Moisés Noreña, Director of Strategic Innovation and Targeted Markets for Allstate, says he applies a set of three basic questions to decide which ideas get to move along to development:

    1. Consumer need: Does anything out there currently solve this need?
    2. Do we have the right competitive advantage if we pursue this product or service?
    3. Does it have a return on investment?

“Those are three basic criteria,” Noreña says. “The closer you get to real innovation, the more granular you can get.”

Phil Swisher, Senior Vice President of Innovation at private bank Brown Brothers Harriman & Co., says his team runs through a series of five questions: 

    1. Does it solve a meaningful problem?
    2. Does it leverage BBH’s expertise and core competencies?
    3. Is it feasible from a regulatory, legal and compliance perspective?
    4. Is it scalable and does it have an asymmetric potential return profile relative to the needed investment?
    5. Is it dramatically better than the status quo for the target clients?

“To invest meaningful human and financial capital in pursuing a new product idea, we must be comfortable on all five questions,” Swisher says. (We’ve got more background on the scoring system at Brown Brothers Harriman.)

At Constant Contact, a publicly-held company that offers small business marketing services, Chief Innovation Architect Andy Miller says there are several layers of sorting that happen. One is employees voting and commenting on the ideas that have been submitted by their peers, using the company’s internal website. “That’s a good way to get input from employees who are interacting with our customers in different ways,” he says. But after ideas have been further developed at one of the company’s quarterly Innovation Jams — basically an internal hackathon — they are presented to a “Shark Tank” panel of executives. That group has more knowledge of the market and what competitors are doing, Miller explains, and focuses on “whether it is a really big idea or an incremental idea.” (The executives don’t tend to rely on a scorecard or particular criteria, he says.) Incremental ideas tend to get passed along to a team in the business, and put on that team’s product road map, Miller says. High-potential ideas move along to the “design sprint” and prototyping stage, and eventual testing with customers.

Customer Data

Software developer Adobe takes a decentralized approach, essentially letting ideas prioritize themselves. Employees trained through its Kickbox Innovation Workshop are sent away with a $1,000 prepaid credit card to spend developing and testing an idea. The impetus behind Kickbox was to do “more experiments, faster, for less money,” says Adobe’s Chief Strategist and VP of Creativity Mark Randall, who oversees Kickbox. “We weren’t failing enough, and we weren’t driving enough divergent, wild things.” Instead of seeking singular approval from management, Kickbox shifts the emphasis to customer feedback, Randall says, noting that Adobe’s KnowHow, a video tutorial site (and graduate of Kickbox) was up and running with 40,000 users before he even knew about it. (Here’s more detail on how the Kickbox program works.)

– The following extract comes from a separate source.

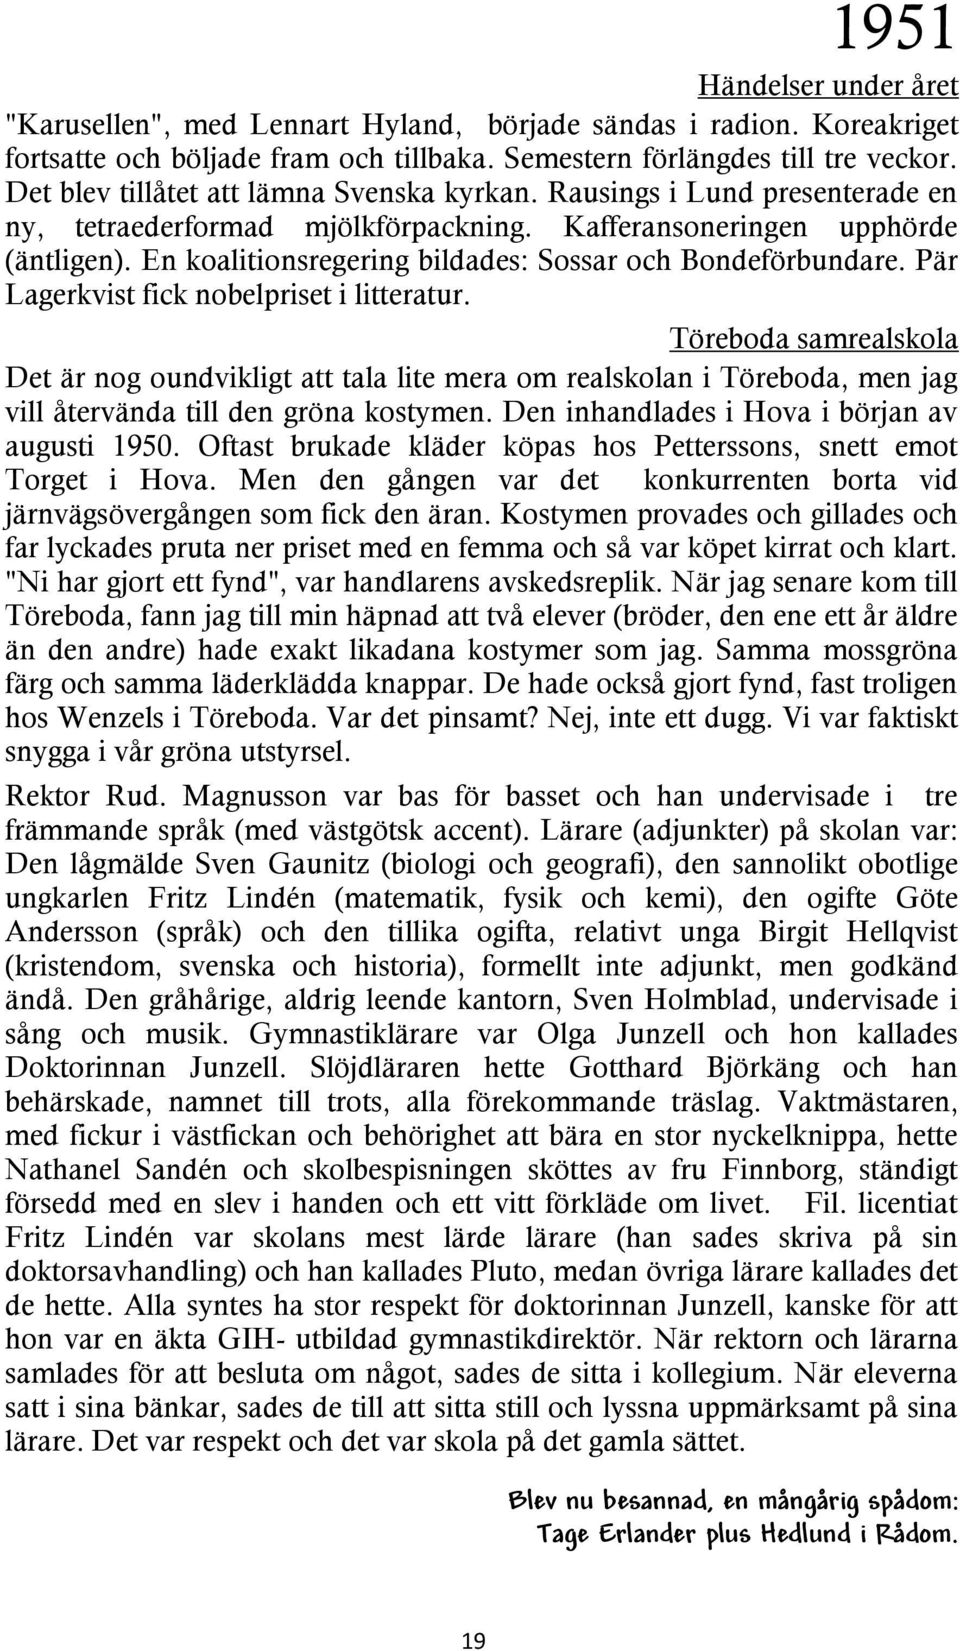 En koalitionsregering bildades: Sossar och Bondeförbundare. Pär Lagerkvist fick nobelpriset i litteratur.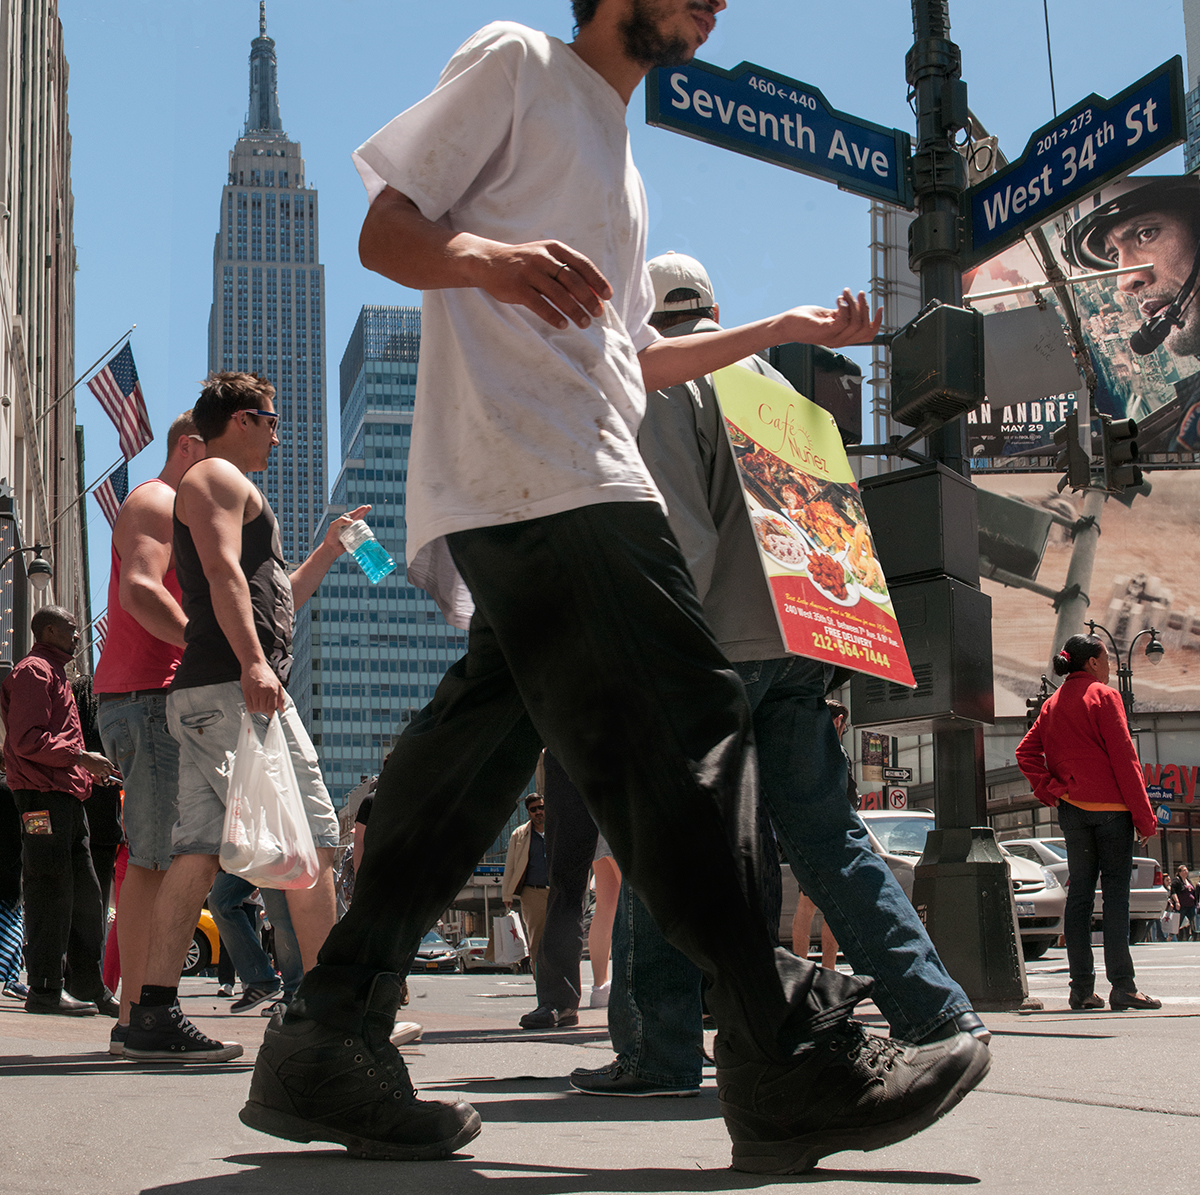 Adobe Portfolio new york city  street life  people   sidewalks crowded tourists  New Yorkers

Intuit, through a program called Lean StartIN (previous coverage here), trains employees on how to test their own ideas and gather data from the marketplace. “Ideas are a dime a dozen,” Hugh Molotsi, head of Intuit Labs, said last week at the InnoLead Field Study. “The question is, how do you turn an idea into an experiment?” Experiments are designed specifically to learn something about customer needs or behavior, he said, which can guide future development or investment. “If the results are exactly what you’d expected, then you didn’t learn anything,” says Molotsi.

It can be easy to create stage-gates or scoring systems that add time and complexity to idea sorting. But Calpino at Kraft Foods says it’s crucial to test consumer appeal early. “It’s very common in my experience for companies to get enamored with ideas, because they fall in love with the technology or they fall in love with it from their own personal life experience, which almost never comes close to that of our typical consumer,” Calpino says. “Having an early metric of consumer appeal keeps us grounded in reality.”